A pipeline config must specify input files, output settings, and preprocessing parameters. You only need to include values that differ from the defaults — EegFun merges your config with src/config/default.toml.

Minimal Example

toml

[files.input]
directory = "./raw_data"
raw_data_files = "\\.bdf"          # regex pattern matching raw files
layout_file = "biosemi64.csv"
epoch_condition_file = "epochs.toml"

[files.output]
directory = "./preprocessed_files"

[preprocess]
epoch_start = -0.2
epoch_end = 0.8
reference_channel = "avg"

Key Configuration Sections

Section	Controls
`[files.input]`	Raw data directory, file pattern, layout file, epoch condition file
`[files.output]`	Output directory, which intermediate files to save (epochs, ERPs, ICA)
`[preprocess]`	Epoch interval, reference channel
`[preprocess.eeg]`	Artifact thresholds (absolute μV and z-score)
`[preprocess.eog]`	EOG channel definitions and detection criteria
`[preprocess.filter.highpass]`	High-pass filter (cutoff, order, method)
`[preprocess.filter.lowpass]`	Low-pass filter (cutoff, order, method)
`[preprocess.filter.ica_highpass]`	Separate high-pass for the ICA copy (typically 1 Hz)
`[preprocess.filter.ica_lowpass]`	Optional low-pass for the ICA copy
`[preprocess.ica]`	Whether to apply ICA, percentage of data to use
`[preprocess.layout]`	Neighbour distance criterion for channel repair

See `src/config/default.toml` for all available options and their defaults. Copy it as a starting point and modify only the values you need to change.

Epoch Condition File

The epoch condition file is a separate TOML that defines which trigger sequences form each experimental condition:

toml

[epochs]

[[epochs.conditions]]
name = "standard"
trigger_sequences = [[1]]
reference_index = 1

[[epochs.conditions]]
name = "deviant"
trigger_sequences = [[2]]
reference_index = 1

# Multi-trigger sequence with timing constraint
[[epochs.conditions]]
name = "response_locked"
trigger_sequences = [[1, 100], [2, 100]]
reference_index = 2
timing_pairs = [[1, 2]]
min_interval = 0.1
max_interval = 1.5

Processing Lifecycle

Phase 1 — Setup

Loads and validates the TOML configuration
Reads the electrode layout and computes spatial neighbours
Discovers raw data files matching the file pattern
Parses epoch condition definitions

Phase 2 — Continuous Processing (per file)

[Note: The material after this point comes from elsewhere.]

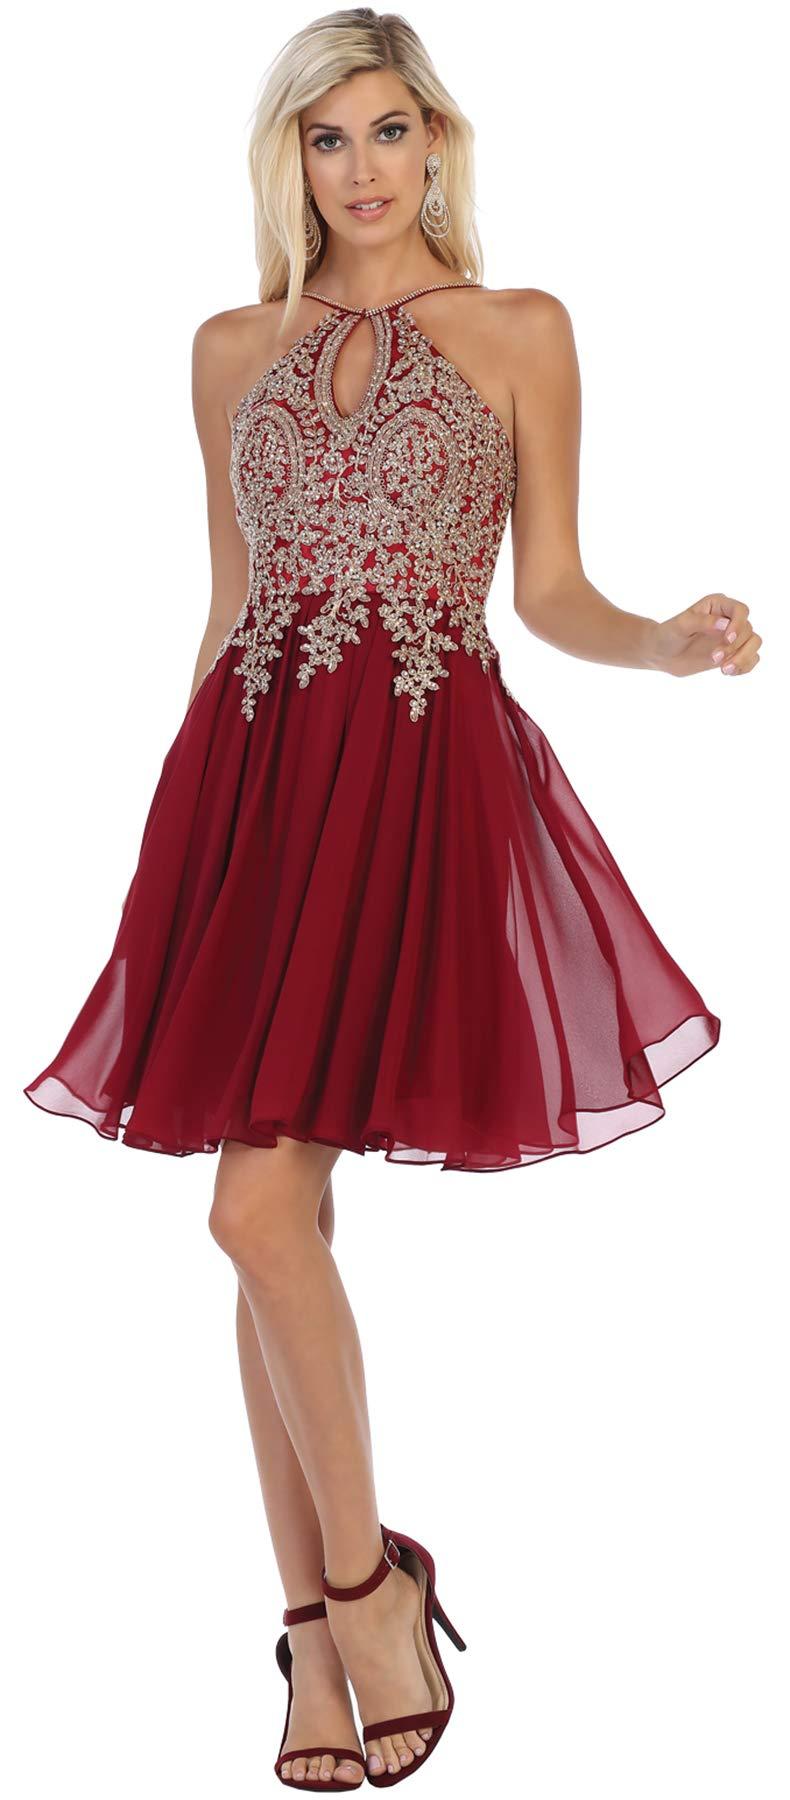 Formal Dress Shops Inc Fds1646 Semi Formal Dance Classy Short Dress

Rereferencing — standardises electrode voltages (e.g. average reference)
Filtering — high-pass to remove drift, optional low-pass
Artifact detection — marks extreme values and identifies bad channels via channel joint probability and z-score variance
ICA — optionally runs ICA on a separately filtered copy of the data, identifies artifact components (eye blinks, muscle, line noise), and removes them from the original
Channel repair — interpolates bad scalp channels using neighbour weights

Phase 3 — Epoching and Cleanup

Epoch extraction — cuts the continuous data around triggers
Baseline correction — subtracts the pre-stimulus mean
Per-epoch artifact detection — flags epochs exceeding amplitude thresholds
Per-epoch repair — interpolates channels that are only bad in specific epochs
Epoch rejection — removes epochs that cannot be repaired

Phase 4 — Cohort Consolidation

After all files are processed:

Epoch count summary — how many trials survived per participant and condition
Channel reliability — which electrodes were frequently repaired
ICA statistics — average components removed per participant

Error Isolation

If a single file fails (corrupt data, missing triggers, etc.), the pipeline logs the error and continues with the remaining files. You get:

A study-level log summarising the entire run
Per-file logs with every table, warning, and decision for each participant
Traceability — output files record the pipeline version and config used

Output Files

The pipeline saves intermediate and final outputs as JLD2 files (controlled by [files.output] flags):

File suffix	Contents
`_continuous_original`	Raw continuous data after import
`_continuous_cleaned`	Continuous data after filtering, ICA, and repair
`_epochs_original`	Epochs before artifact handling
`_epochs_cleaned`	Epochs after channel repair
`_epochs_good`	Epochs after rejection (final clean data)
`_erps_original` / `_erps_cleaned` / `_erps_good`	Averaged ERPs at each stage
`_ica`	ICA decomposition results
`_artifact_info`	Artifact tracking (repaired channels, rejected epochs, ICA components)

Custom Pipelines

If the built-in pipelines don't match your workflow, generate a template with the standard boilerplate (config loading, logging, error handling) already wired up:

julia

EegFun.generate_pipeline_template("my_pipeline.jl", "my_preprocess")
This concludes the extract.